The Vice Chancellor ordered notices to be sent to the 2,770 stockholders of Giant of a hearing on the fairness of the proposed settlement. At the hearing the objectors, appellants here, and one other stockholder appeared in opposition to the settlement. The Vice Chancellor approved the settlement and this appeal followed.
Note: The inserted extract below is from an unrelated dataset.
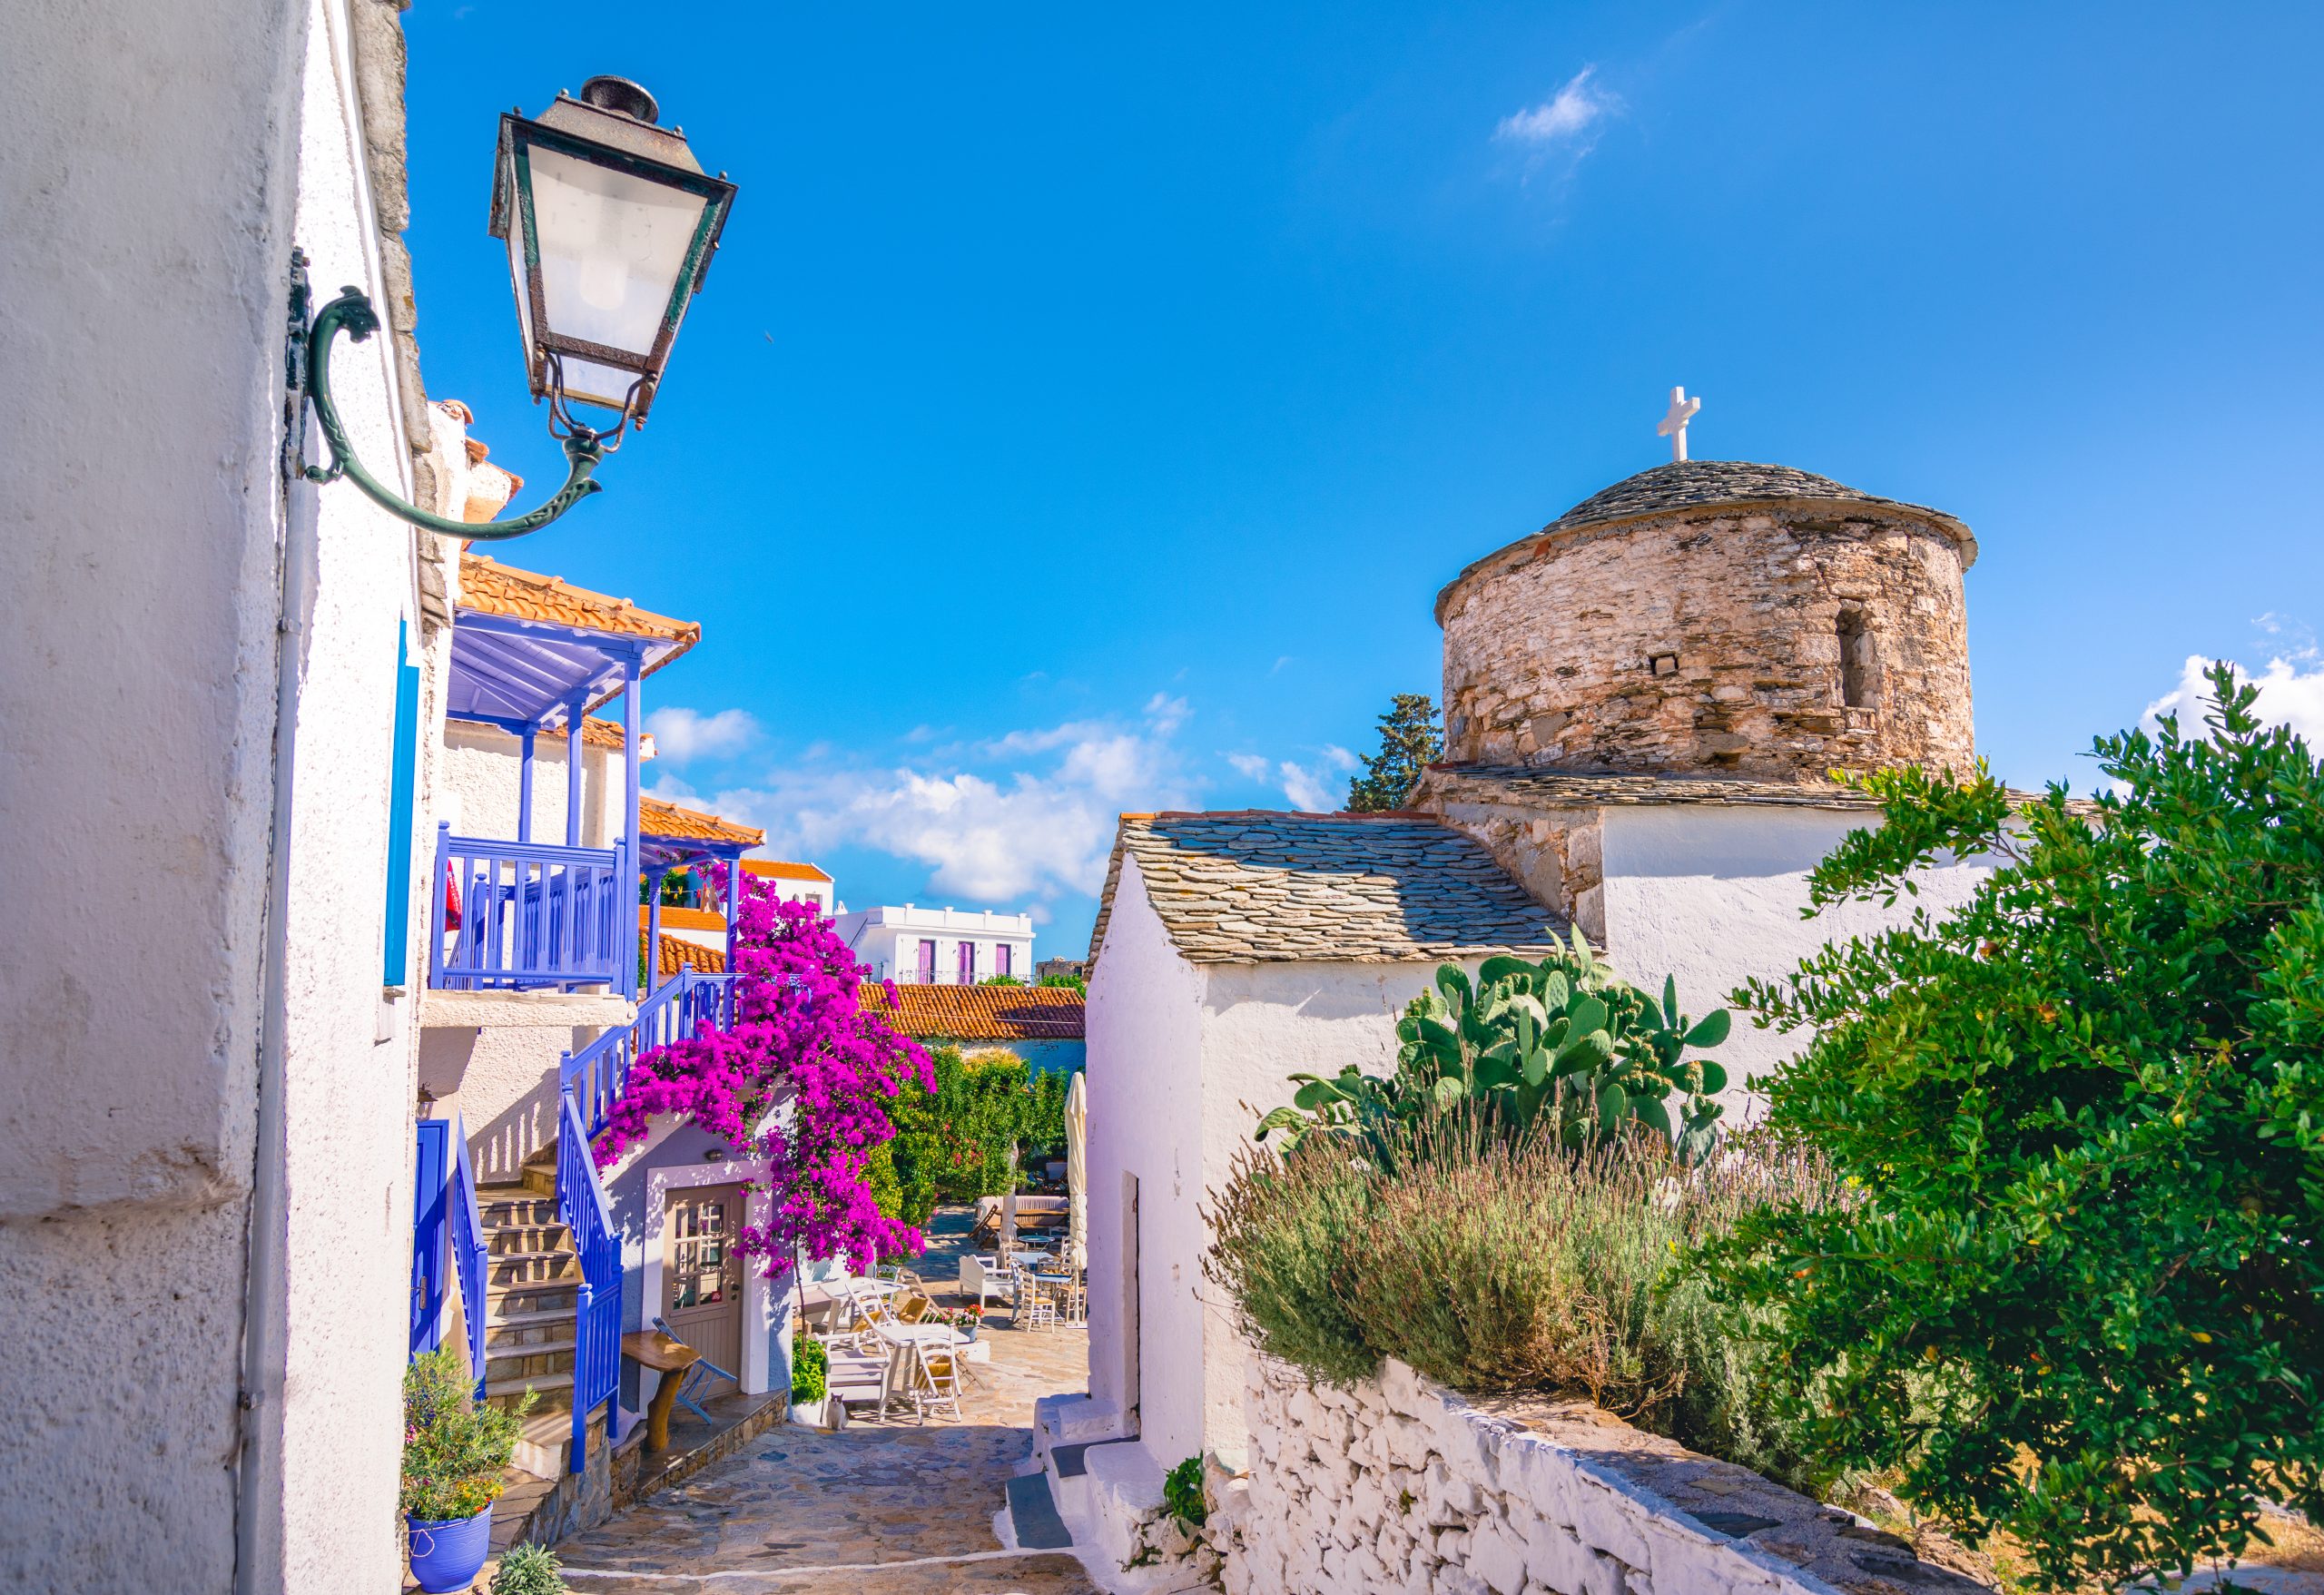 The,Old,Village,Of,Chora,In,Alonnisos,Island,,Greece.

Prior to 1940 Giant purchased its produce direct from wholesalers but in 1940, in order to establish and maintain a uniform standard for produce, formed a produce company to supply its produce requirements. Accordingly, Washington Wholesale Produce Company was organized and financed by the Cohen and Lehrman families. This company acquired produce from other wholesalers in less than carload lots and then resold it to Giant.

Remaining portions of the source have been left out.